It is known to provide a casing structure supporting a segmented liner about a stage of turbine blades, and, when rotational operation of the stage of blades in an associated gas turbine engine causes them to extend e.g. when the gas turbine engine is accelerated to full power, to then heat the casing structure so as to expand it and thus lift the segments away from the blades tips. Further, when engine power is reduced, which results in contraction of the turbine blades, it is known to cool the casing structure in order to cause it to also contract, in an attempt to maintain a desired clearance between the liner segments and the blades tips.

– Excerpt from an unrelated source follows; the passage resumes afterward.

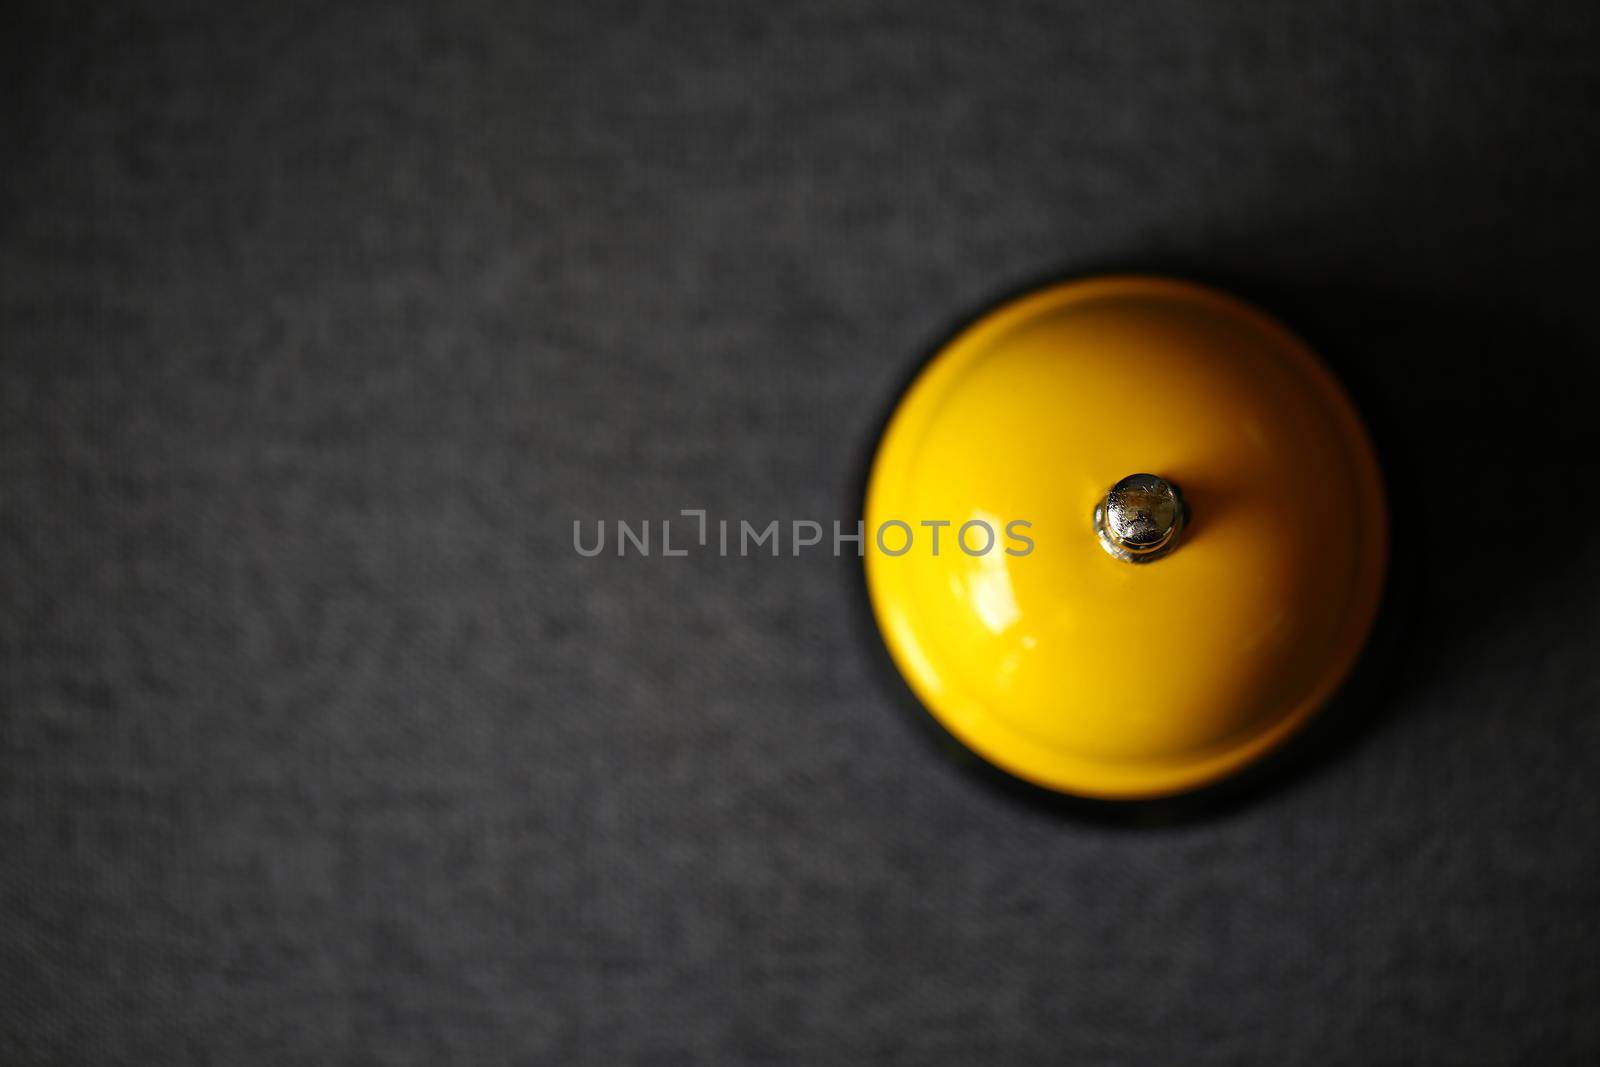 Bell on counter for service with blurred background

It has proved impossible to accurately match the expansion and contraction rates of the casing structure with the expansion and contraction rates of the turbine blades.

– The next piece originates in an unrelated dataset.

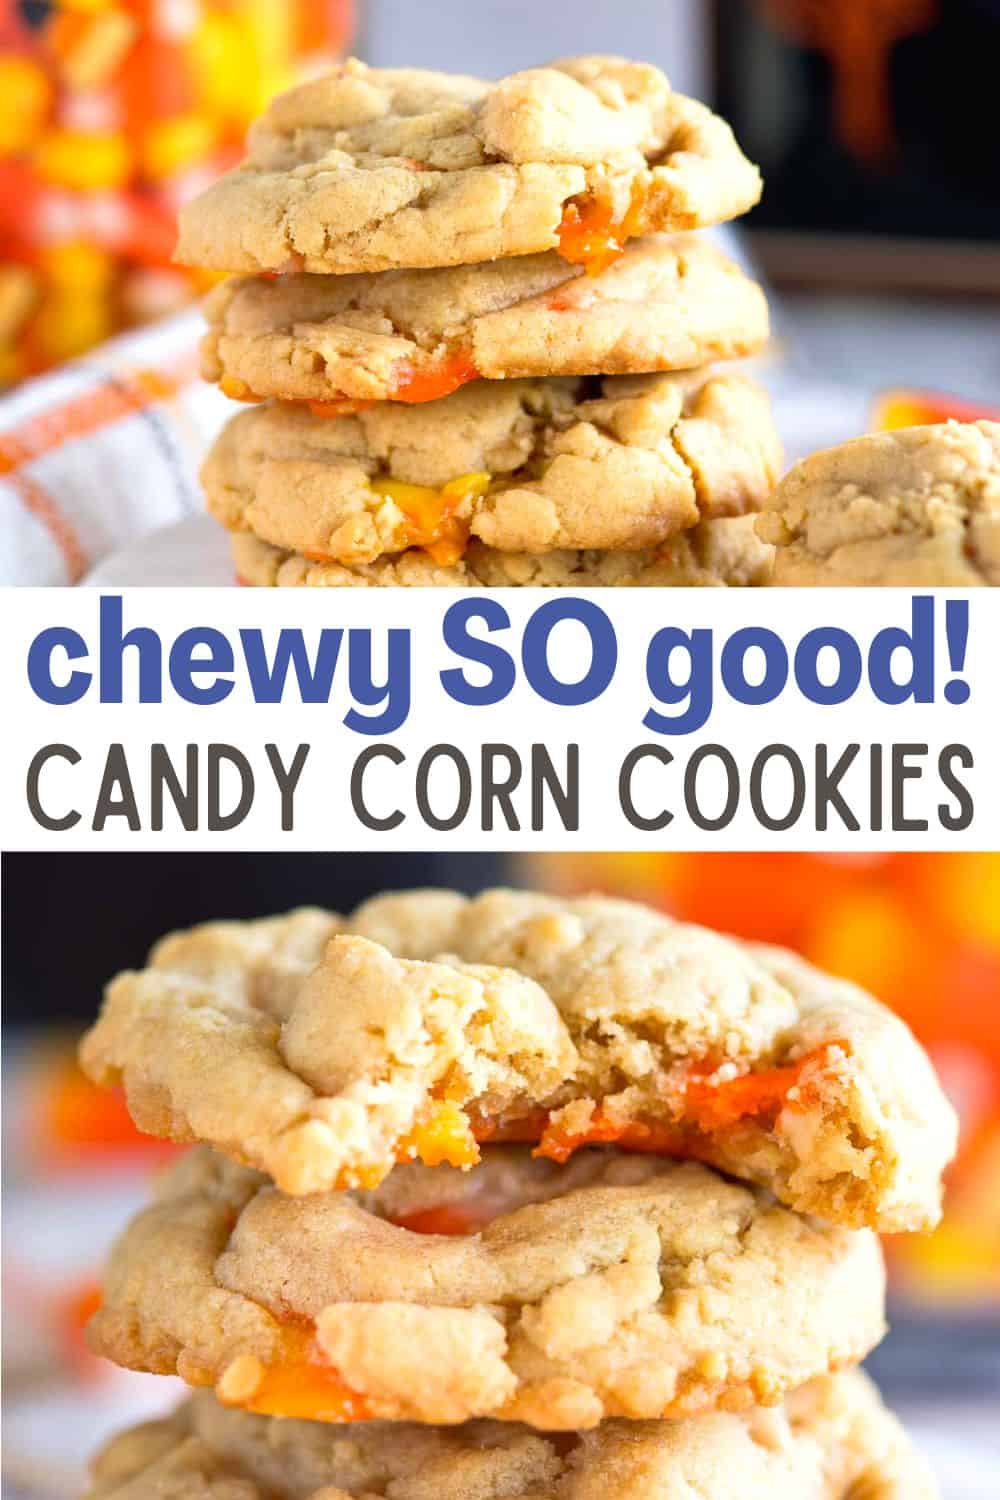 Peanuts and candy corn combined in one delicious Halloween cookie recipe! These peanut butter candy corn cookies are super easy to make and are the perfect sweet surprise for your little trick or treaters!

The present invention seeks to provide an improved casing structure and segmented liner assembly.
According to the exemplary embodiments, a segmented turbine liner supported by and within turbine casing structure includes sensing means with which to sense the proximity of said segments to turbine blades tips during operational rotation of a stage of said blades within said casing, signal generating means connected to said sensing means, and segment moving means connected to receive and be activated by signals generated thereby, so as to move as appropriate, any segments that said signals indicate are incorrectly spaced from respective blade tips.
The exemplary embodiments of the invention will now be described, by way of example, and with reference to the accompanying drawings, in which:
Referring to FIG. 1 . A gas turbine engine 10 includes a compressor 12, an outer casing 14 containing combustion equipment, followed by a turbine stage, (neither being shown in FIG. 1 ), and terminating in exhaust ducting 16. A unison ring 18 surrounds casing 14 and is connected via ball joints 19, and links 20 to respective ones of a corresponding number of screw threaded rods 22, that are equi-angularly spaced around casing 14. Links 20 are keyed to respective outer ends 24 of rods 22, so as to prevent relative rotation therebetween. Push-pull rams 23 rotate unison ring 18 on command, as explained later herein.

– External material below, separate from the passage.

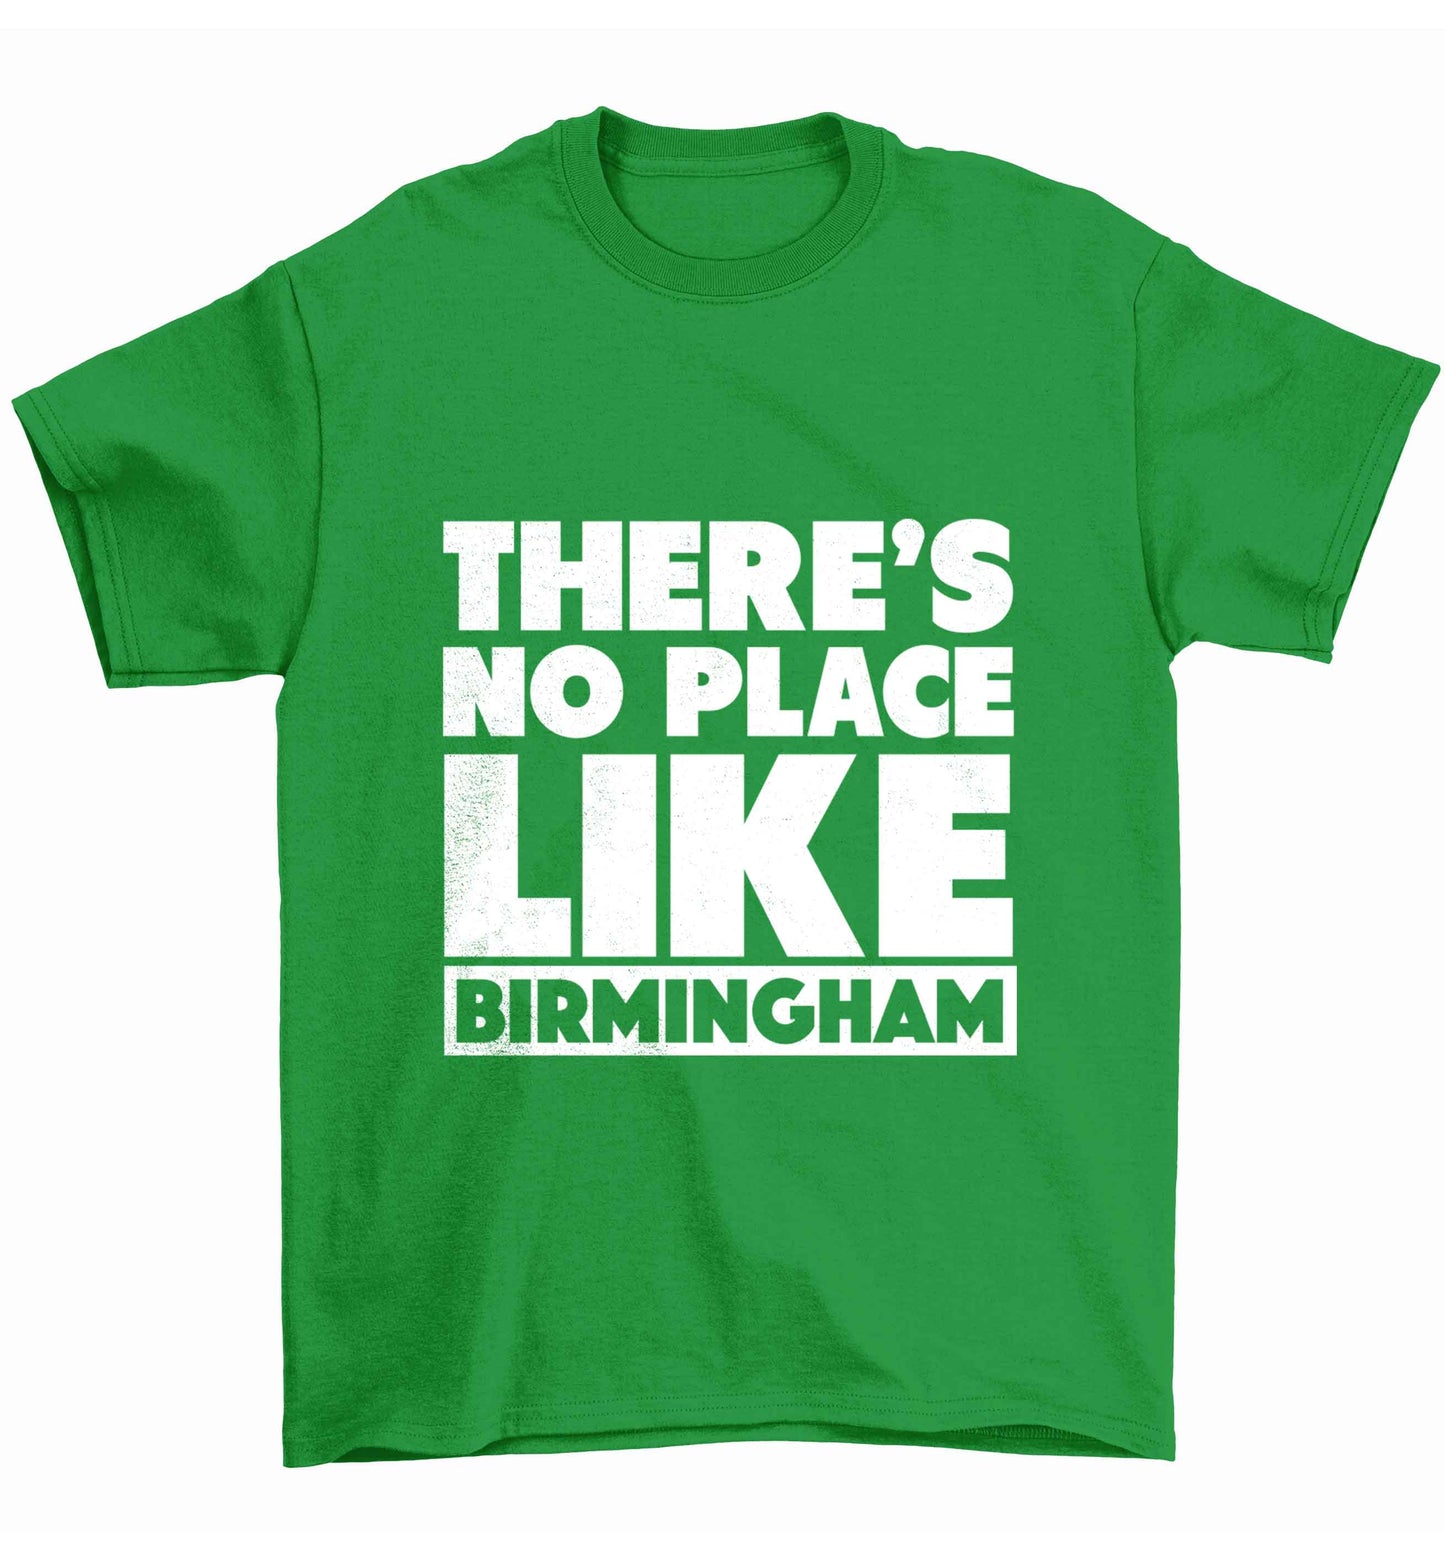 There's no place like Birmingham Children's green Tshirt 12-13 Years

Referring to FIG. 2 . The screw threaded portions 28 of rods 22 engage internally screw threaded bosses 30 fixed in and about casing 14. The radially inner end portions of rods 22 extend to connect via ball joints 32, to respective segments 34, only one of which is shown in FIG. 2 , but a set of which forms an annular turbine stage liner, as depicted in FIG. 4 . A stage of turbine blades 36, only one of which is shown, extend towards, but stop short of the radially inner surface of respective liner segments 34.
The gas turbine engine depicted and described herein, can be used to power an aircraft (not shown). During such use, engine 10 experiences a variety of temperatures and speeds of revolution of the rotating parts, as the aircraft taxies to the runway, takes off and climbs to cruise height. The highest temperatures, speed of revolution, and greatest extension of blades 36 occur during the take off run and climb of the associated aircraft. During these regimes, engine thrust is at maximum. It is thus essential to move liner segments 34 radially outwards from the seal fins 38 on the outer ends of blades 36, so as to avoid, or at worst, much reduce, rubbing contact therebetween.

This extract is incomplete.